Sunday hea(r)t

San Francisco, a city block:
smells of pizza, cigarette smoke. marijuana, then leather.
cross the street.
coffee, cheap cologne. flowers.
the sweat of my brow stays trapped underneath my cap. two elderly men sit on their front porch, and regard me as i pass.

castro pride flag

Today, I am stricken by a deep and enduring sense of gratitude to be alive in San Francisco.

I got out of bed today and it took me almost a full hour to walk from my home into the heart of the Castro for my breakfast, because I stopped so many times along the way to converse and flirt with my neighbors–so many beautiful loved ones, so densely packed into these few city blocks. I stopped briefly at the Plaza to witness the launch of the Leather Walk, signaling the true start of Folsom Street Fair week…remembering as I did so that I stumbled upon this occasion completely by accident in my first year living here, and marked the occasion in my journal as yet another example of why I hold this city in such a profound esteem.

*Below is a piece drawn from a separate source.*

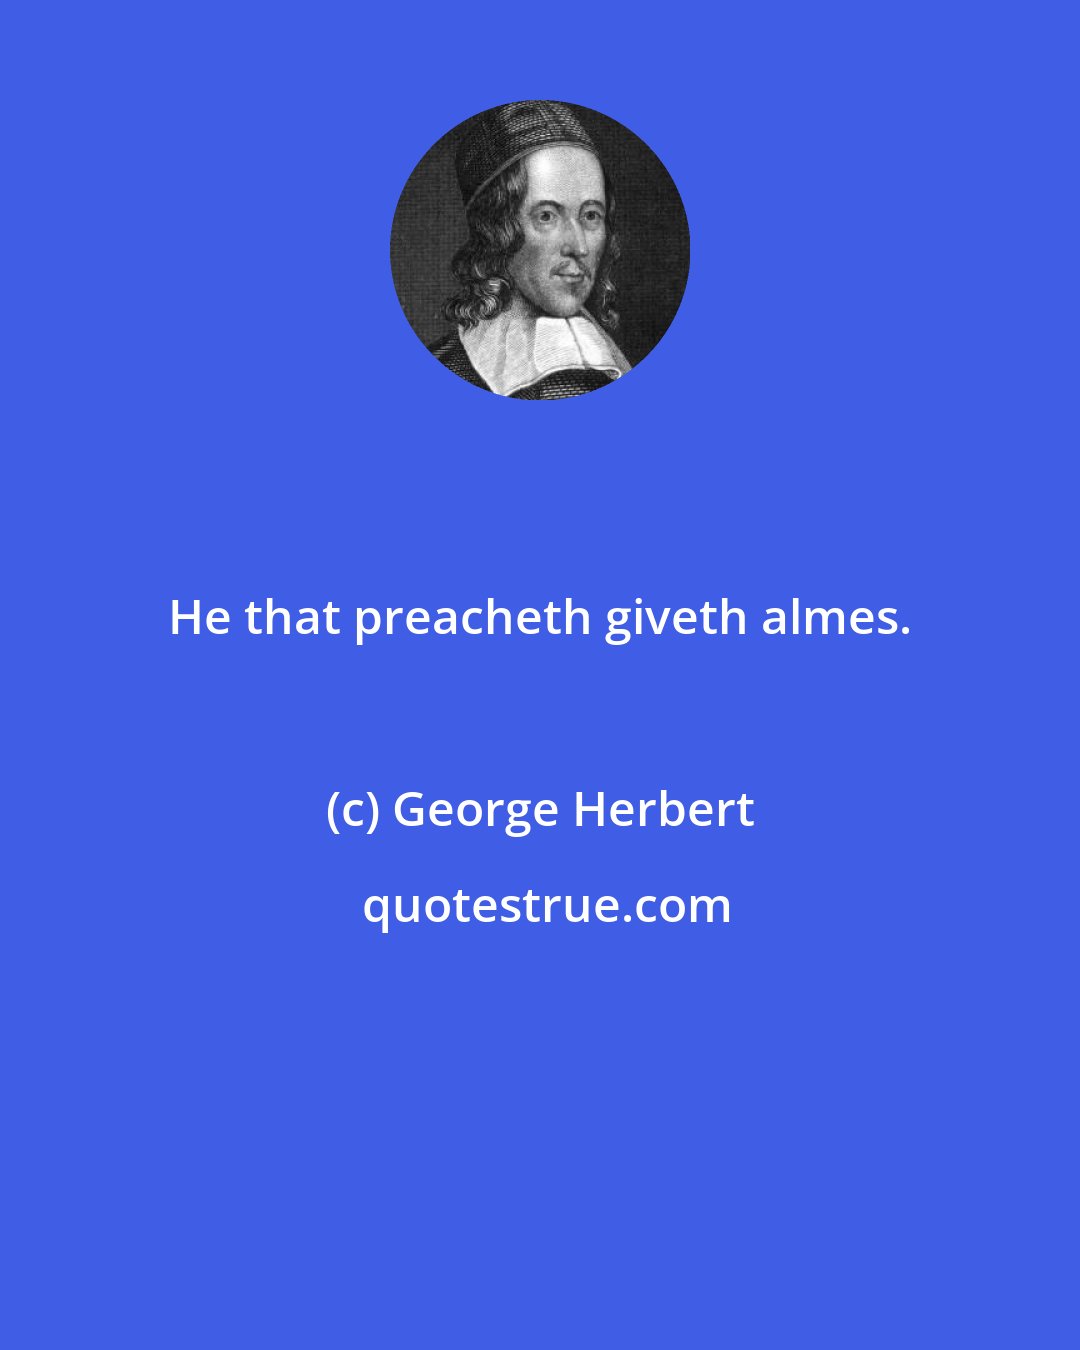 George Herbert: He that preacheth giveth almes.

I arrived at my breakfast destination and could barely manage to communicate with the restaurant host, because so many people I know were brunching there and saying hello to me. The staff knew me by name and expedited my seating, then reminded the bartender to give me the neighborhood merchant discount.

All this, a typical Sunday morning for me; following another memorable performance at one of the longest-running drag shows in the city, at one of the longest-running and most successful club nights I’ve been involved with for the last twelve years.

I kissed my fiance goodbye this morning as he left for work, and my phone was jammed with messages from people I saw out in SoMa last night: One of my dearest and best-loved friends thanked me for my personal support as well as my dedication to certain community organizations. Another reminded me that we shared a very passionate moment together in the swirling mass at Powerhouse. A third reminded me of our mutual past together at The Stud, the club that I first called home when I arrived here in 2002, a fresh-faced emigre who followed his heart without question.

I look back now at the past 13 years as a collection of moments, and easily recall the burning drive I felt to make my home here, so long ago.

castro leather flag

I look at the week ahead and brim full of joy in the knowledge of how many of my most loved family will be gathered, and of all the hedonistic indulgence that awaits.

I look at my life, and I see a series of hard-won battles. This amazing existence was not handed to me; it was not easily established. It has taken a lifetime of self-inquiry and mistakes…a million unsuccessful attempts at realizing countless dreams, yet the fractional number of successes laid the foundation for every bounty that I am now able to enjoy.

An unexamined life is not worth living…and a life truly lived can be measured not only by its successes, but by its fabulous failures; for anything truly worth having in this world is surely worth falling down in pursuit of.

I love you, San Francisco. You are alive and well and your heart still beats its hypnotic song to me. You still enfold me in your love embrace, every single day. You have shown me that there is no higher truth than following your heart.

This is a place where I am known–but more importantly, I am seen. And I am loved.

Thank you, home. Thank you for being here. Thank you for being you.

San Francisco:
i encounter a friend;
his roommate sells pot brownies.
i allow him to convince me to remove my shirt.
i cross Market Street and come upon another past lover.
he introduces me to his boyfriend, who i kiss, passionately.
i walk on the shadowed side of the street–
late-blooming jasmine still clings to a tall tree at the corner.